Your goal » Each line of the listing must be transcribed exactly, except for the images, which should be excluded.

The data »

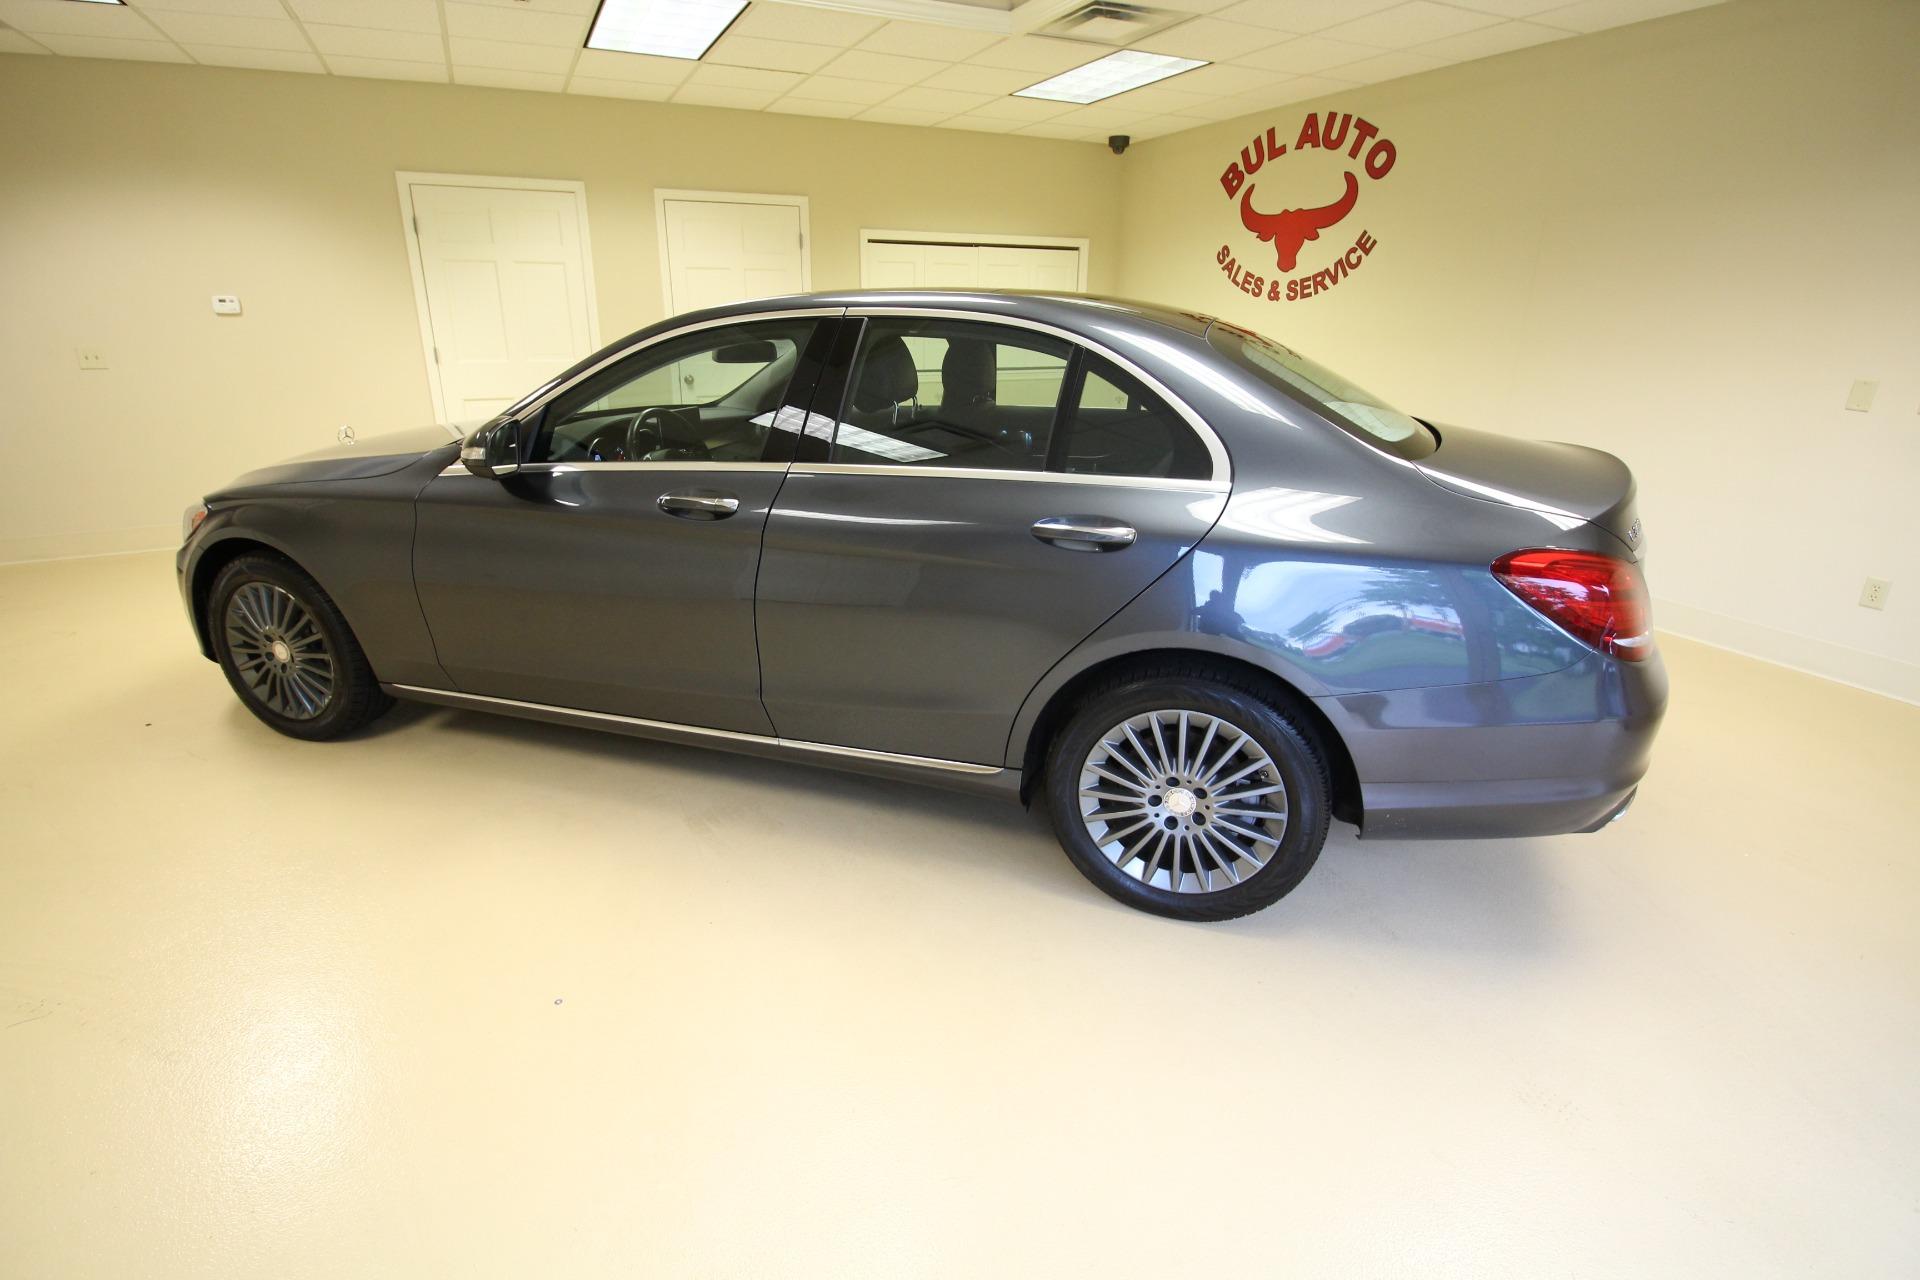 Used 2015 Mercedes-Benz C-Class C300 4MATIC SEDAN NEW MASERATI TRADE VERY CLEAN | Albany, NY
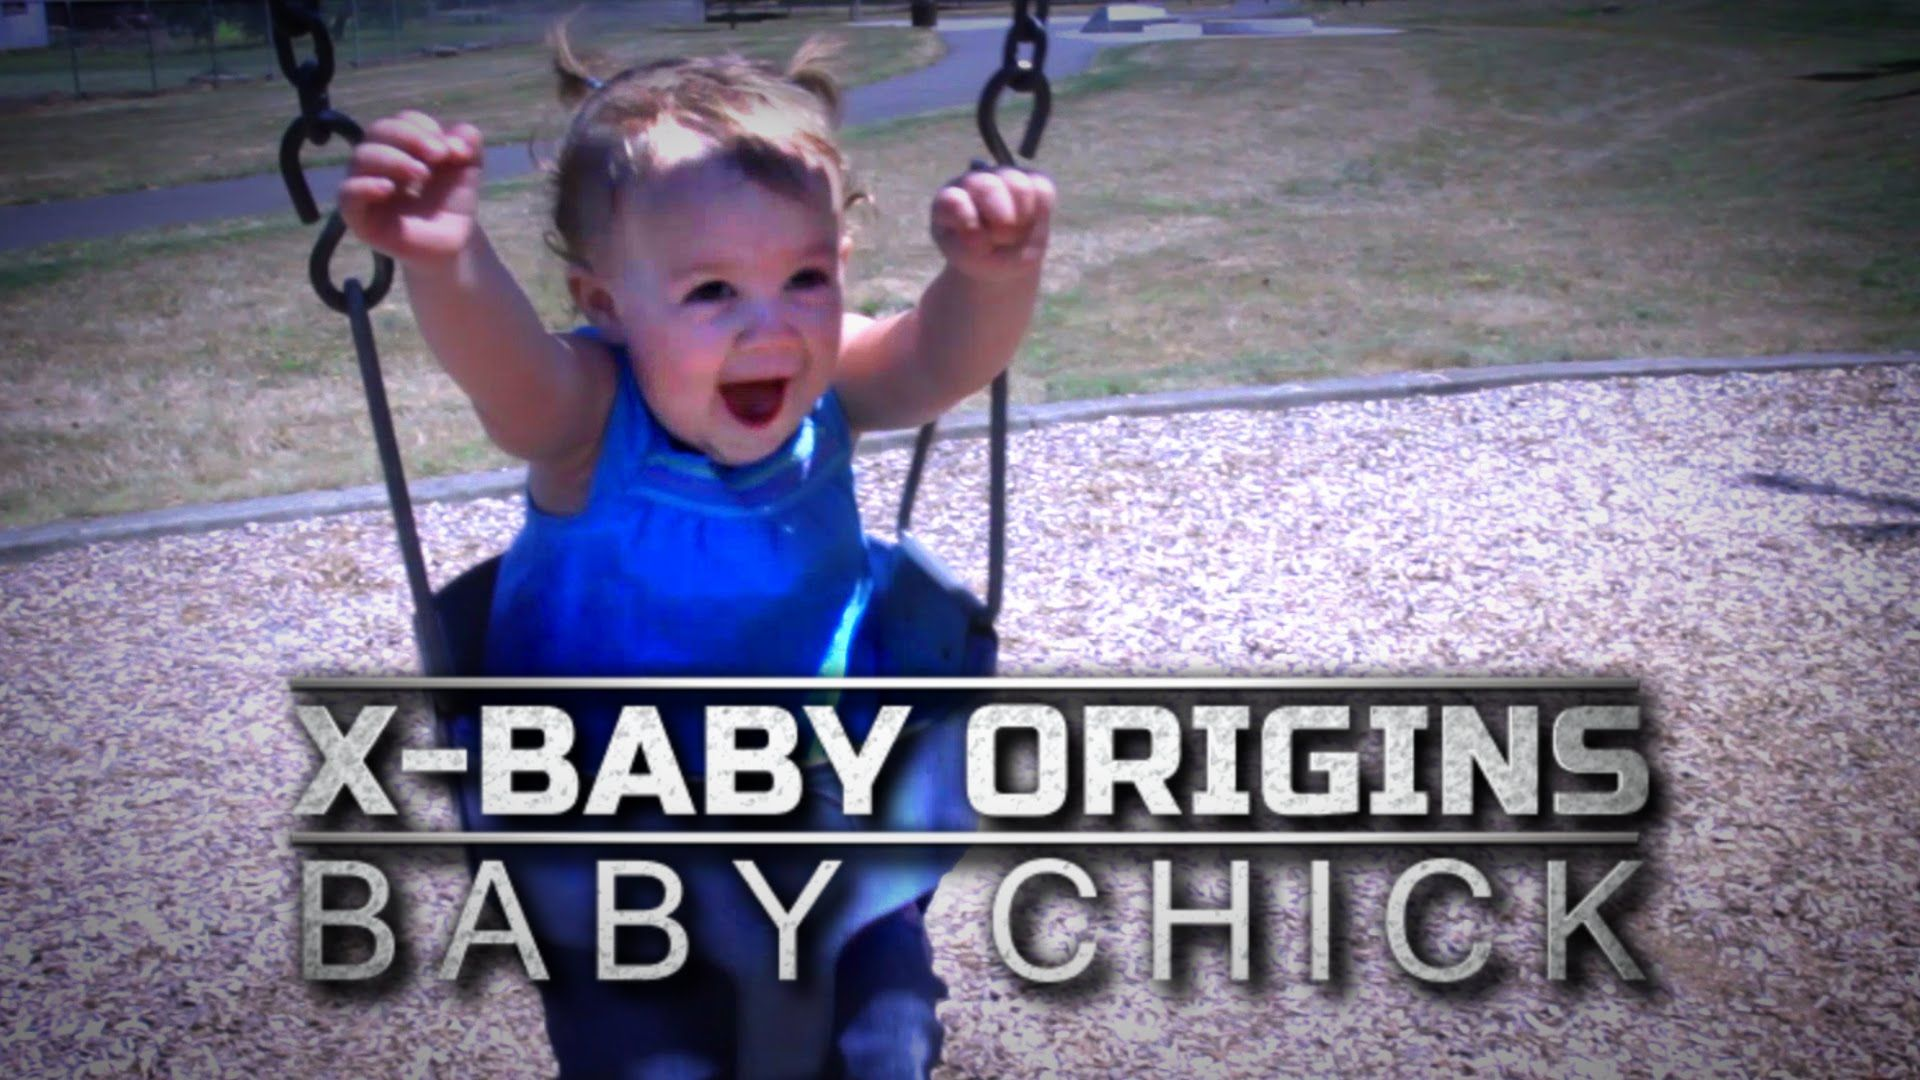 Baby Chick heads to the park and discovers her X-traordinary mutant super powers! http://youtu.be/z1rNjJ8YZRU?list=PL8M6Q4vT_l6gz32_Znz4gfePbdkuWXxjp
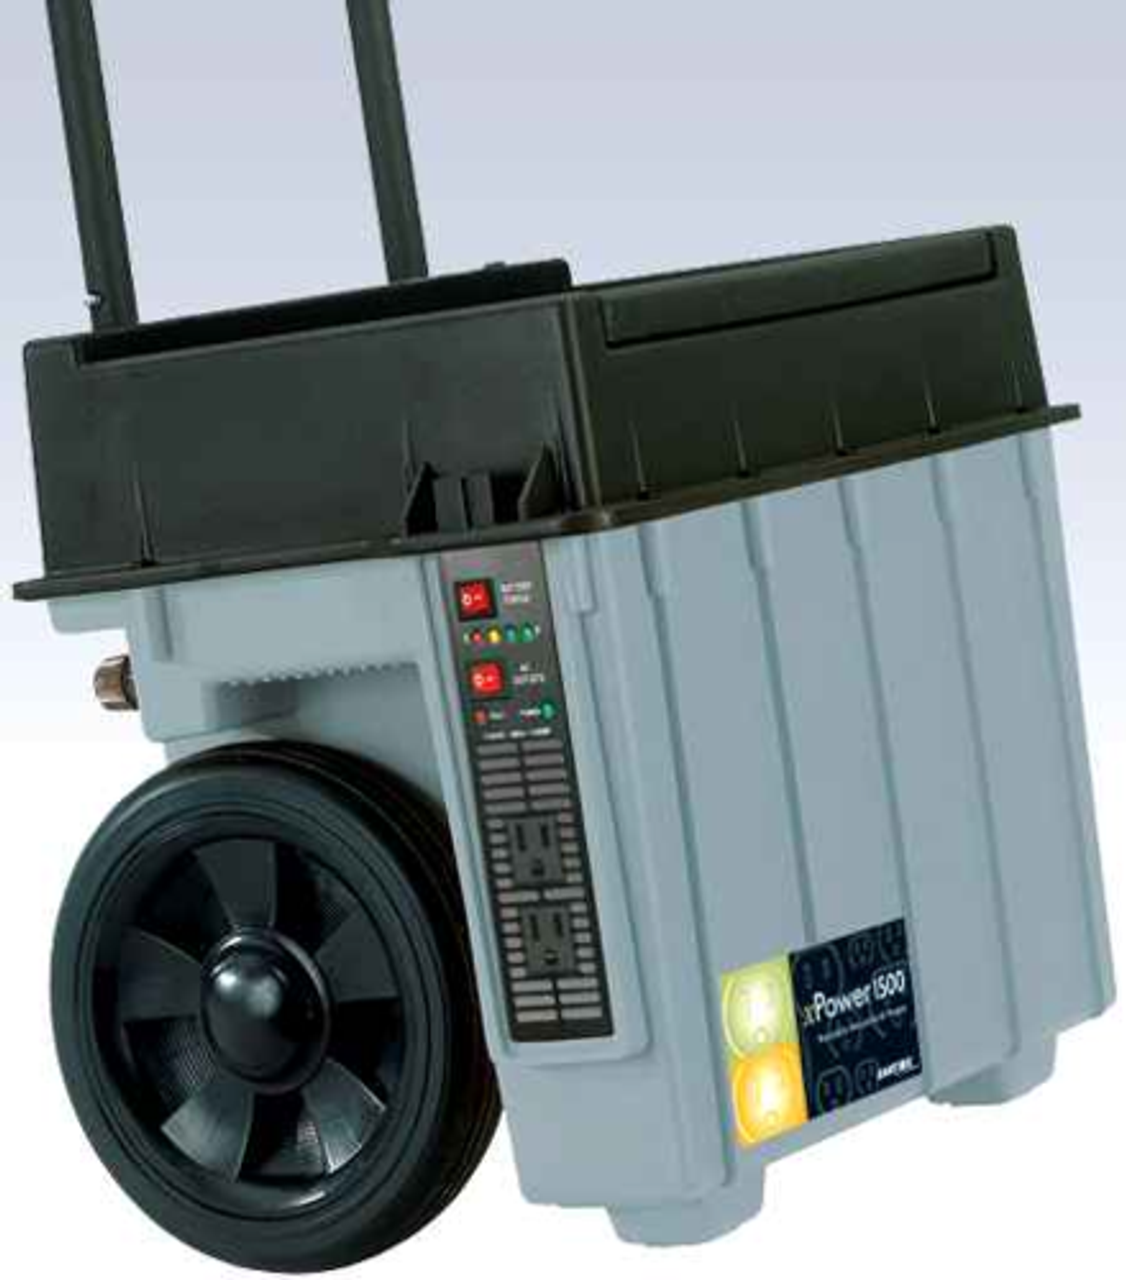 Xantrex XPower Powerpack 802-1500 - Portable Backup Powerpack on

Reply »
 Used 2015 Mercedes-Benz C-Class C300 4MATIC SEDAN NEW MASERATI TRADE VERY CLEAN | Albany, NY
 Baby Chick heads to the park and discovers her X-traordinary mutant super powers! http://youtu.be/z1rNjJ8YZRU?list=PL8M6Q4vT_l6gz32_Znz4gfePbdkuWXxjp
 Xantrex XPower Powerpack 802-1500 - Portable Backup Powerpack on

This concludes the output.